:: Goal of the exercise ::
Reproduce the listing below in full and exactly; no pictures belong in the copy.

:: Input data ::
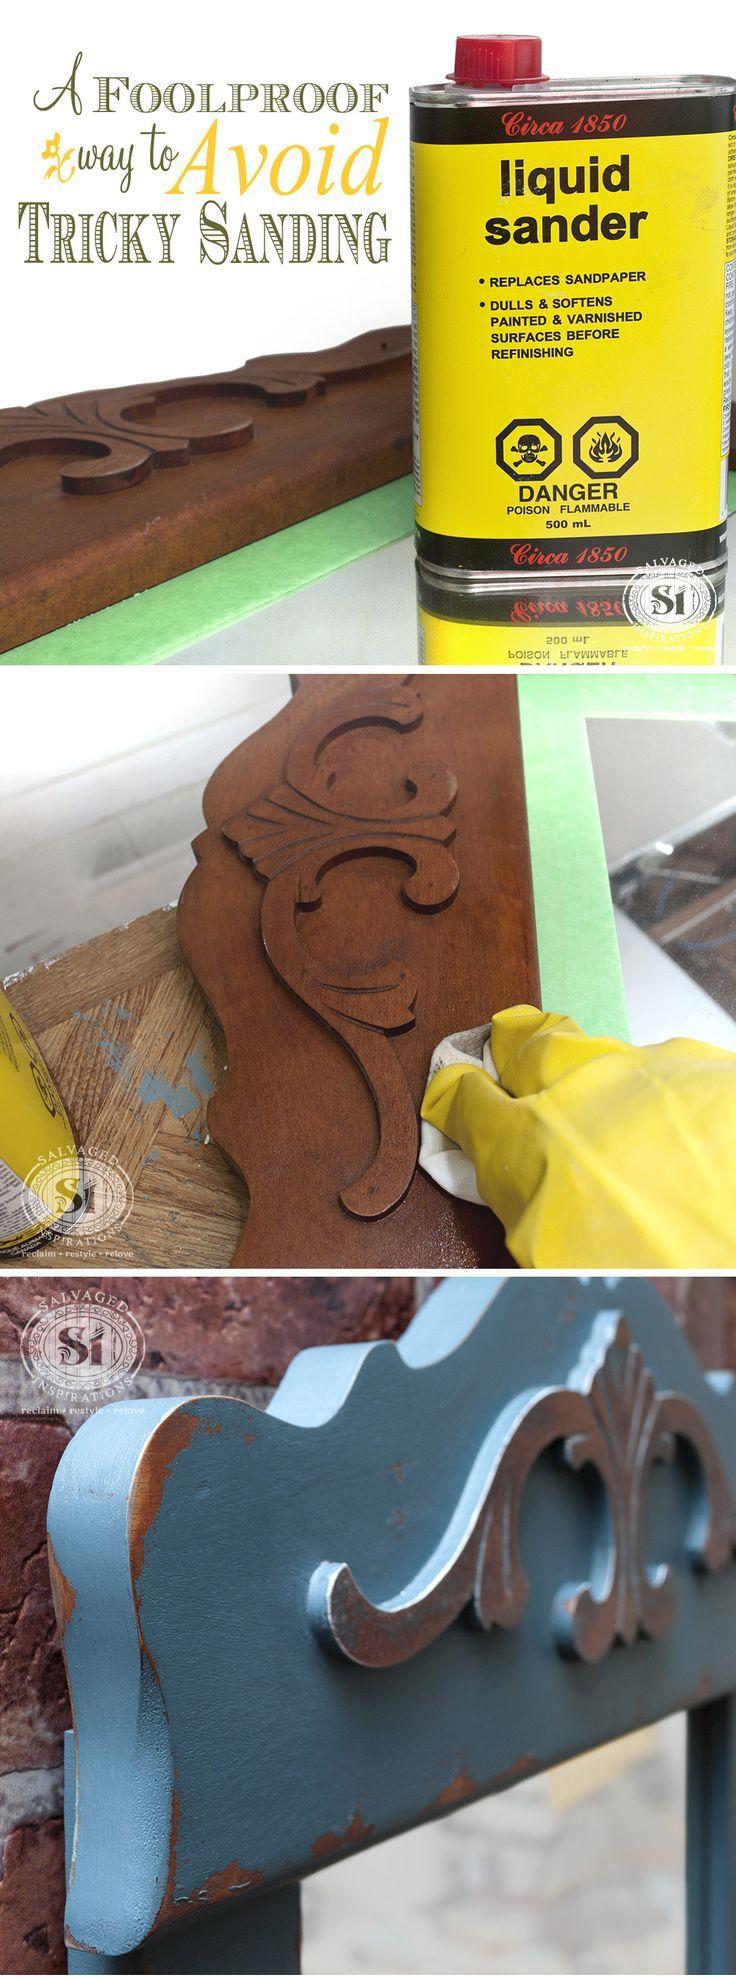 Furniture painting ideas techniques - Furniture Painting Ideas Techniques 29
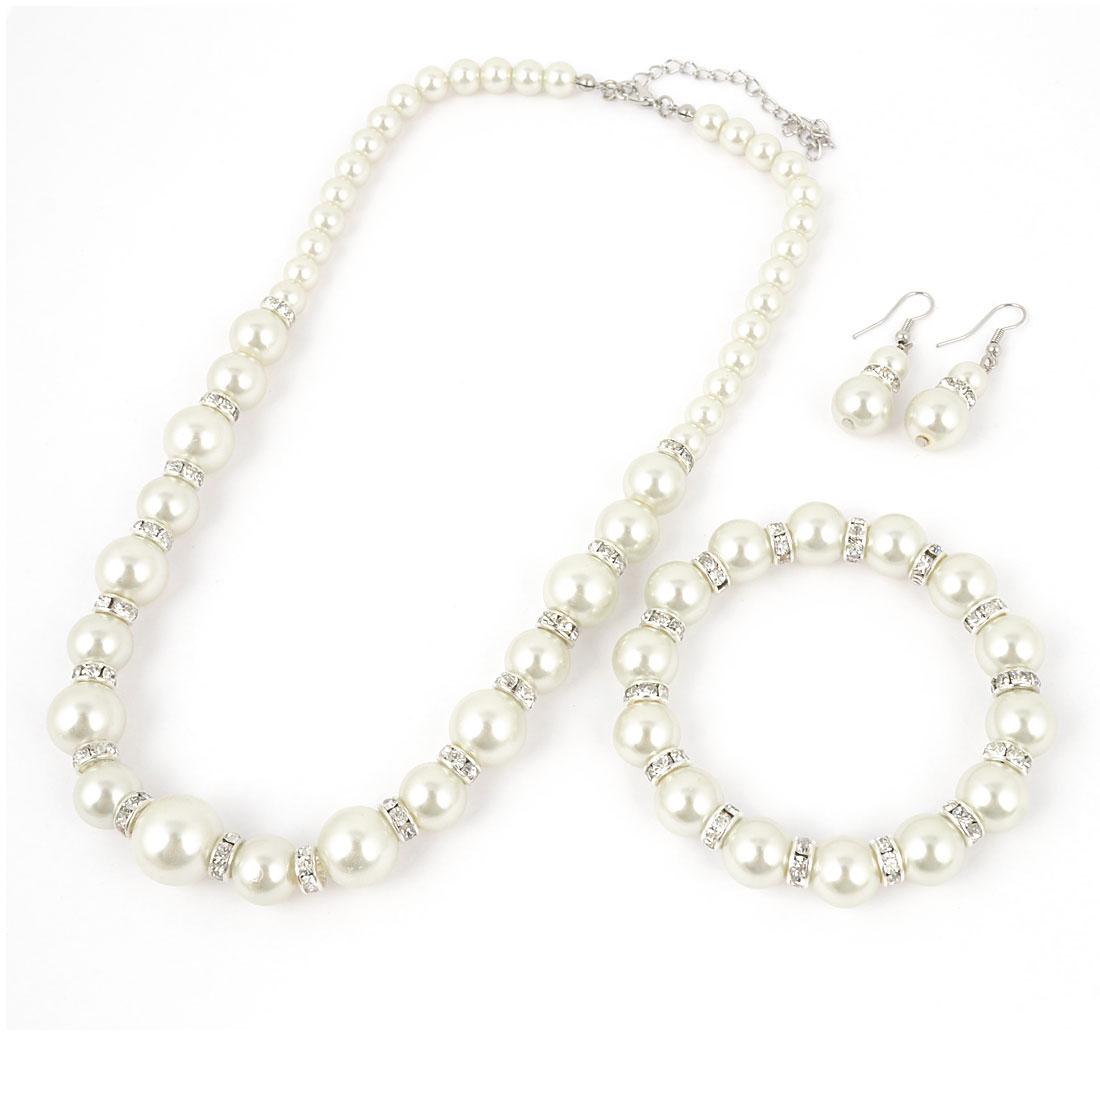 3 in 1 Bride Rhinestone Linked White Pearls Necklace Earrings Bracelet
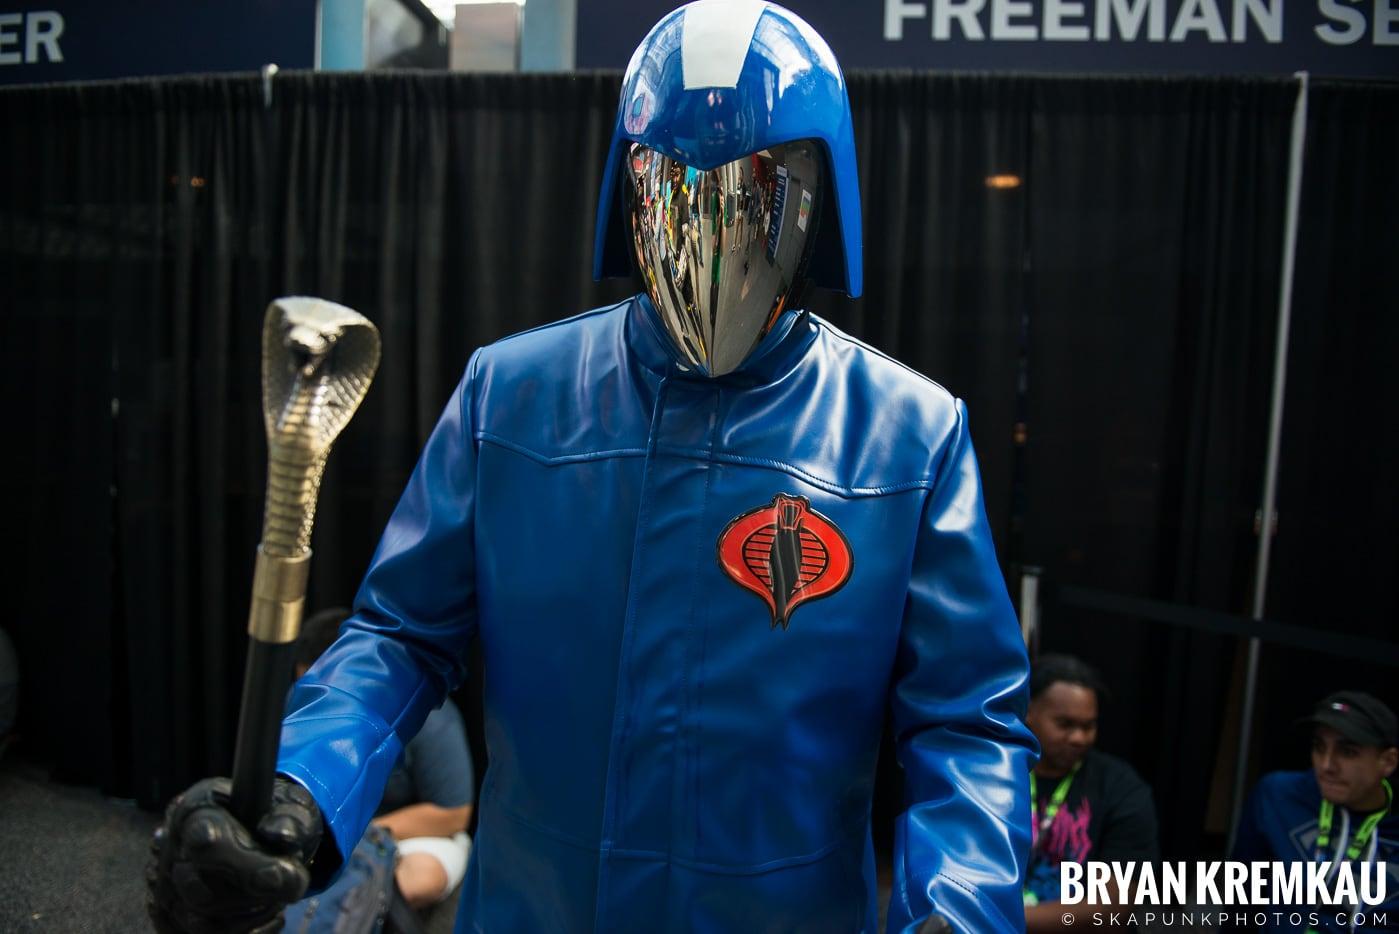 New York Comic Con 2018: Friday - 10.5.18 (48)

:: Answer section ::
 Furniture painting ideas techniques - Furniture Painting Ideas Techniques 29
 3 in 1 Bride Rhinestone Linked White Pearls Necklace Earrings Bracelet
 New York Comic Con 2018: Friday - 10.5.18 (48)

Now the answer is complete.